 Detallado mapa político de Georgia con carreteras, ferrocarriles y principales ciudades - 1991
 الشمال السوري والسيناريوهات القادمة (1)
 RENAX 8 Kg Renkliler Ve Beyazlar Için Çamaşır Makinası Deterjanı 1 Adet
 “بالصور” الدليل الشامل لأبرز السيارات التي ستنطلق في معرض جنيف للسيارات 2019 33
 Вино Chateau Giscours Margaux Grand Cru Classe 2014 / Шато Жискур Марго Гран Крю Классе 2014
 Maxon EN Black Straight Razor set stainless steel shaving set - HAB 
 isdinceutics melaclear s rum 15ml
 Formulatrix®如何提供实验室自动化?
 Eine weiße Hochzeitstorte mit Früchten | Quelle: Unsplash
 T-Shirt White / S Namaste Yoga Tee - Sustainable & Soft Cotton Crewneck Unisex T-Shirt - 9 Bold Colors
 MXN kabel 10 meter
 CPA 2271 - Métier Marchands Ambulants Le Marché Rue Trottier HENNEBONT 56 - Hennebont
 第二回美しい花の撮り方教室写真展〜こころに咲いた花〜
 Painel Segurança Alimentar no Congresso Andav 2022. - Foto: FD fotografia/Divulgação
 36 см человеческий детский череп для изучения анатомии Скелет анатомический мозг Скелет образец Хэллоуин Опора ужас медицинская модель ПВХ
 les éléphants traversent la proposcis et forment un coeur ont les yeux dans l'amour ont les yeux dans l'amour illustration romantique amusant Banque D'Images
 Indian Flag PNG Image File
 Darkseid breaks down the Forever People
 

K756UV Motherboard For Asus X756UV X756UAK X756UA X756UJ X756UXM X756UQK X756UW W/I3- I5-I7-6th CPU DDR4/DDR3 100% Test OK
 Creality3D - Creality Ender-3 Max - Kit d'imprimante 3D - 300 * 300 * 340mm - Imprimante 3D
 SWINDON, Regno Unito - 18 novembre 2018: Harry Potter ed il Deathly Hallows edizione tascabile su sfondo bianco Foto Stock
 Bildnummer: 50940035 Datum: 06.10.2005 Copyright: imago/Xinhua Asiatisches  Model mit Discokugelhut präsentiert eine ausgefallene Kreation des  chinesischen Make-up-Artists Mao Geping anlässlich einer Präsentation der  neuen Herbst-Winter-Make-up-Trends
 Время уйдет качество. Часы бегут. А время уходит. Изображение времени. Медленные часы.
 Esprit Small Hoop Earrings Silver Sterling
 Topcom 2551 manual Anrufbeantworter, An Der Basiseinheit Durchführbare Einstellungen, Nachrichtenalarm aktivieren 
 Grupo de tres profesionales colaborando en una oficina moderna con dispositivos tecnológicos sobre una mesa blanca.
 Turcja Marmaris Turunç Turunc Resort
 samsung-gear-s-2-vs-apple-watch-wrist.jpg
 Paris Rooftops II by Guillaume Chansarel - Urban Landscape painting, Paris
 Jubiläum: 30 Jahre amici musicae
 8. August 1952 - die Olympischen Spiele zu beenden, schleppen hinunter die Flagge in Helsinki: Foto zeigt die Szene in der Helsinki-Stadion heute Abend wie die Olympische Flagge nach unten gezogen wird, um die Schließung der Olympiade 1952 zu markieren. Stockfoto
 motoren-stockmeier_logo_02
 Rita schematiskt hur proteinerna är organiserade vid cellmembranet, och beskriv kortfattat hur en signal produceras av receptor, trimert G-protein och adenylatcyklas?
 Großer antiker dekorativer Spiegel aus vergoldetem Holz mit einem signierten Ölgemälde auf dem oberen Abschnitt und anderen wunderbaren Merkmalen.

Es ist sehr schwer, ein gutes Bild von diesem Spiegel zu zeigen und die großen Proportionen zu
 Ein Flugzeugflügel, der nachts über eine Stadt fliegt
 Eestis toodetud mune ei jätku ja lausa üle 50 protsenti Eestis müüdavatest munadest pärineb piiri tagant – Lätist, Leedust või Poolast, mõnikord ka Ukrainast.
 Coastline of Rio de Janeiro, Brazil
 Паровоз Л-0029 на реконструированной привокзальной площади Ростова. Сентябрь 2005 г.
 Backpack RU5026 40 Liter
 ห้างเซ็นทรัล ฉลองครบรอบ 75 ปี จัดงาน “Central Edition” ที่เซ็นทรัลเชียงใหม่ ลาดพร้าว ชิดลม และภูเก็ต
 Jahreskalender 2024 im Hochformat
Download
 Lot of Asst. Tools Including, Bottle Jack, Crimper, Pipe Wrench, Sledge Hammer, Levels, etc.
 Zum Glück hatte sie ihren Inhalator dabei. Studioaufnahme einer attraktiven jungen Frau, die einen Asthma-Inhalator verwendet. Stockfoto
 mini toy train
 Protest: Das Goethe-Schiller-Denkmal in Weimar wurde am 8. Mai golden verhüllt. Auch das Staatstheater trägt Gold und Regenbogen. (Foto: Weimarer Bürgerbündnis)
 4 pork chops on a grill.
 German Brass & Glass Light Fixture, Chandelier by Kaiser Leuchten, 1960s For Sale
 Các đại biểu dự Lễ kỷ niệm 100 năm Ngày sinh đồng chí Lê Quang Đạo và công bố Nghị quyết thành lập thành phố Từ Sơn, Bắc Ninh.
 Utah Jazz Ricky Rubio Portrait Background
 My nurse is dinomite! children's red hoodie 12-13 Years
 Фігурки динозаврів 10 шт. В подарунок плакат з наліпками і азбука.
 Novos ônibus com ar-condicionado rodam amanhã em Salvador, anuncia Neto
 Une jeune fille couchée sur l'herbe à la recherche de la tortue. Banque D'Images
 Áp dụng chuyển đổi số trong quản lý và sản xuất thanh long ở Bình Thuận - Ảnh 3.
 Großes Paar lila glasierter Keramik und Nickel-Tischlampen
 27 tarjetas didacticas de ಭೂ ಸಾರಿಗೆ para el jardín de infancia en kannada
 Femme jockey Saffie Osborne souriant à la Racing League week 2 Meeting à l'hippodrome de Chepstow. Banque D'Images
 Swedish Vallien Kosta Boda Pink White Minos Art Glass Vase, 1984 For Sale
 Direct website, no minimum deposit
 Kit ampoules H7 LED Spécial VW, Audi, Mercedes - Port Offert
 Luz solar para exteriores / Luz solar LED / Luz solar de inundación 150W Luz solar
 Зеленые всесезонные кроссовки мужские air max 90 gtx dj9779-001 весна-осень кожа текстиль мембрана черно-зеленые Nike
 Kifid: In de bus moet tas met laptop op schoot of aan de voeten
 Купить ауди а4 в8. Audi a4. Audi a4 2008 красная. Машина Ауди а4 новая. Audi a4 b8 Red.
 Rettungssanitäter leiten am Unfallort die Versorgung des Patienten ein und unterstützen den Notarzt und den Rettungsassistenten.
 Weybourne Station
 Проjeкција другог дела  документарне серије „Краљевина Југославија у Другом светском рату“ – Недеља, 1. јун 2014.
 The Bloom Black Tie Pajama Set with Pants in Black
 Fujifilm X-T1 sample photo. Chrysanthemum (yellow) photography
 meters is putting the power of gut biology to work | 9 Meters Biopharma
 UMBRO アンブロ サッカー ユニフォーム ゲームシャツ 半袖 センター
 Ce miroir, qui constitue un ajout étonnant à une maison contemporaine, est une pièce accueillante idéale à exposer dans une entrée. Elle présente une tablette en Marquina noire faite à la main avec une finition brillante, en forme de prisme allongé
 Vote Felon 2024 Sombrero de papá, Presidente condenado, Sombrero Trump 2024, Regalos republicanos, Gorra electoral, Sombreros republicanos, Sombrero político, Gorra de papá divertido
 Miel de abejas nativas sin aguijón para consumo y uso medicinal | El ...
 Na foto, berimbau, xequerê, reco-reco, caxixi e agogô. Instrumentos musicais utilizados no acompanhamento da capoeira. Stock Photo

## WORK TO BE COMPLETED
All lines above between those holding "Großer antiker dekorativer" and "4 pork chops on a grill.", inclusive, must be set down unchanged, and no other line may be included.

## YOUR SOLUTION
 Großer antiker dekorativer Spiegel aus vergoldetem Holz mit einem signierten Ölgemälde auf dem oberen Abschnitt und anderen wunderbaren Merkmalen.

Es ist sehr schwer, ein gutes Bild von diesem Spiegel zu zeigen und die großen Proportionen zu
 Ein Flugzeugflügel, der nachts über eine Stadt fliegt
 Eestis toodetud mune ei jätku ja lausa üle 50 protsenti Eestis müüdavatest munadest pärineb piiri tagant – Lätist, Leedust või Poolast, mõnikord ka Ukrainast.
 Coastline of Rio de Janeiro, Brazil
 Паровоз Л-0029 на реконструированной привокзальной площади Ростова. Сентябрь 2005 г.
 Backpack RU5026 40 Liter
 ห้างเซ็นทรัล ฉลองครบรอบ 75 ปี จัดงาน “Central Edition” ที่เซ็นทรัลเชียงใหม่ ลาดพร้าว ชิดลม และภูเก็ต
 Jahreskalender 2024 im Hochformat
Download
 Lot of Asst. Tools Including, Bottle Jack, Crimper, Pipe Wrench, Sledge Hammer, Levels, etc.
 Zum Glück hatte sie ihren Inhalator dabei. Studioaufnahme einer attraktiven jungen Frau, die einen Asthma-Inhalator verwendet. Stockfoto
 mini toy train
 Protest: Das Goethe-Schiller-Denkmal in Weimar wurde am 8. Mai golden verhüllt. Auch das Staatstheater trägt Gold und Regenbogen. (Foto: Weimarer Bürgerbündnis)
 4 pork chops on a grill.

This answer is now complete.